2009 Ports of Call 42 - 46

 

Click on this link and you will be directed to pictures of all 2009 trips.

 

Greece:  Skiros Island to Lesbos Island

Aug 5 - 11

 

The wind forecast was picking up and not favorable for crossing the Aegean Sea for a week.  We wanted to get to the eastern side where the meltemi is not so strong.

 

It was a five hour journey to Skiros Island (middle of the Aegean), somewhat rough, but tolerable.  Skiros is the largest island of the Sporades.  Supposedly its northern section is covered in pine trees, but we saw only the barren south.  We anchored by the capital Linaria, where The Prize had a fitful night, turning over her anchor and slipping just as we were preparing for a 5:30 AM departure.

 

We knew the journey to Lesbos Island would be rough.  The winds were up to 20 knots, waves up to 8 feet.  It was a bell-ringing cruise; supine was the ideal position.  We shortened the journey to six hours by speeding up and changing our destination to a night in Kalloni Gulf before proceeding to Plomari, home of Ouzo Barbayanni.

 

Names associated with Lesbos Island are a roll call of gentle artists and wise sages.  Greatest is poetess Sappho, born here in 612 BC.  Aristotle, Epicurus, and Aesop are just a few of the others who were from or lived here.
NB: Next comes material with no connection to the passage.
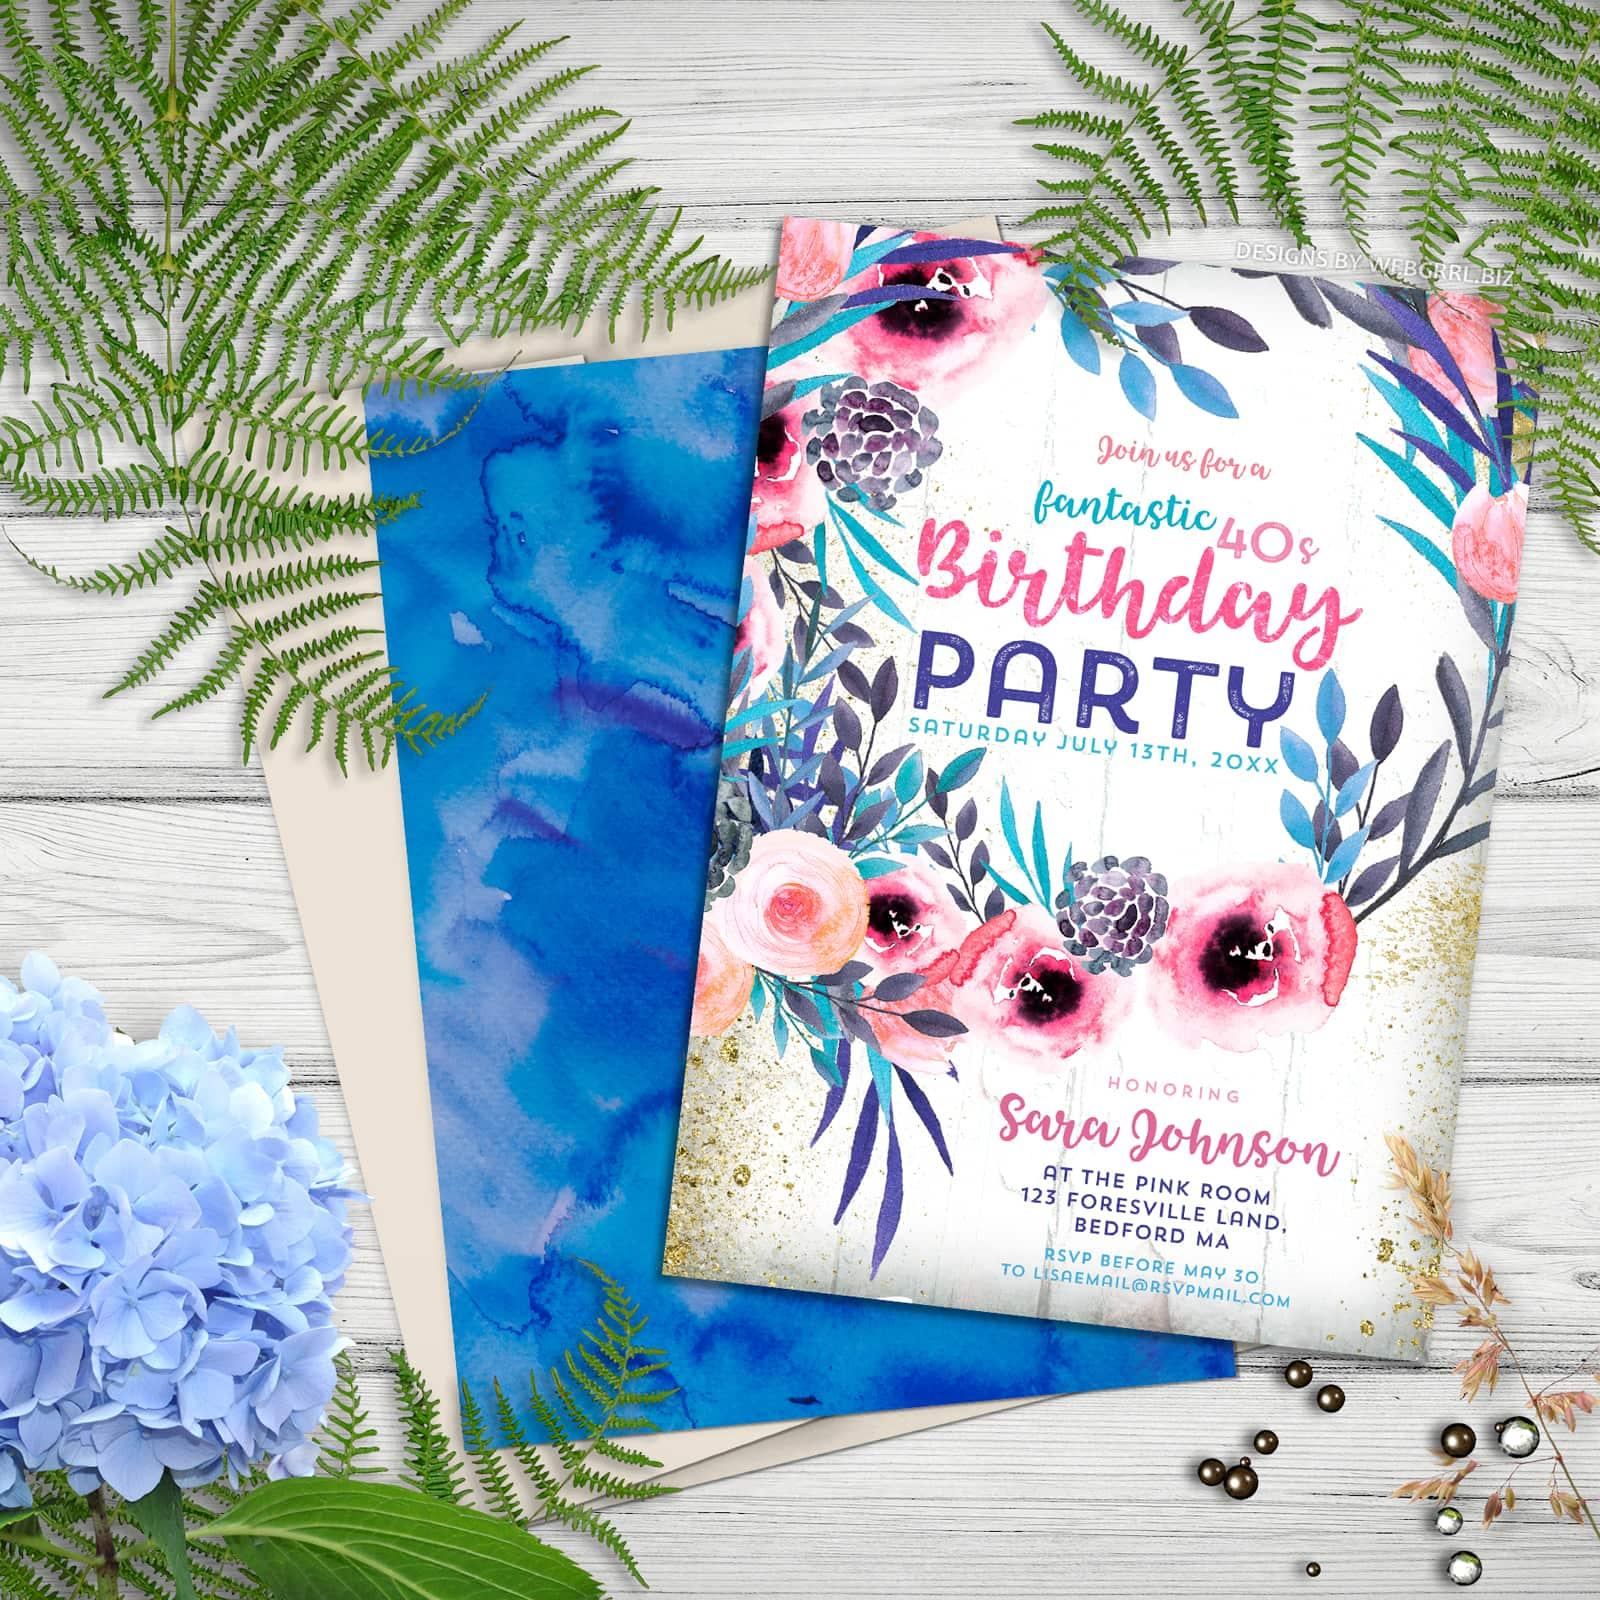 Blue Pink Floral Wreath | Rustic Birthday Party Invitation by Webgrrl

Turkey:  Kirkdilim Bay & Kusadasi

Aug 11 - 16

 

Winds are still strong; the Greek flag tells it all.  We changed our destination from Sigacik to Kirkdilim, hoping for a calmer anchorage.  The wind was gusty all night and the foxes moaned, but the sunset was pretty.

 

Although Izmir (ancient Smyrna) is Turkey’s most important port and has been praised since ancient times, we decided to skip it.  The pilot book said its waters of the bay are poisonous (swimming is prohibited), the harbor is grubby and uncomfortable, and the city is an unattractive sprawl of reinforced concrete.  So on to Kusadasi.

 

Kusadasi (it means Isle of Birds) is built on the site of ancient Neapolis, of which nothing remains.  Today it is a booming tourist town where up to eight cruise ships can be anchored.  They come primarily to see the ancient ruins of Ephesus, only  10 miles away.  However, there are several other sites to see in the area as well as many, many shops to explore in this brand knock-off heaven.  Plus they have the best ever fruit and vegetable market we have ever seen.

 

Bob & Marilyn Dorries (Shell friends) joined us in Kusadasi in time for dinner and a day at Ephesus and surrounding area.

Turkey:  Ephesus  +

Aug 15

 

Ephesus is the most important ancient city in Turkey, so says a Turkish tour book.  Even during Apostle Paul’s time it was important: the Roman capital and principal commercial city of Asia. It was a harbor city until the river silted up; it is now five miles inland.

 

The ruins are layers of different time periods, starting before 1000 BC.  The site is impressive for its size and for the clarity with which you can picture the ancient city.  You can walk down the marble streets and see ruins of the baths, parliament, temples, library (pictured above), toilets, stadium, gymnasium, amphitheater (where Paul preached), etc.  In addition, they have recently opened terrace houses that show the incredible wealth the people had and the engineering feats that were accomplished (e.g., inside running water, toilets, and under-floor heating).

 

Ephesus was also the last home of Mary, mother of Jesus.  Since it was Assumption Day, it was an appropriate day to visit this shrine where John took her to spend her final days.

 

We also visited a silk rug factory, learning how silk is made after a wonderful lunch by local farm women.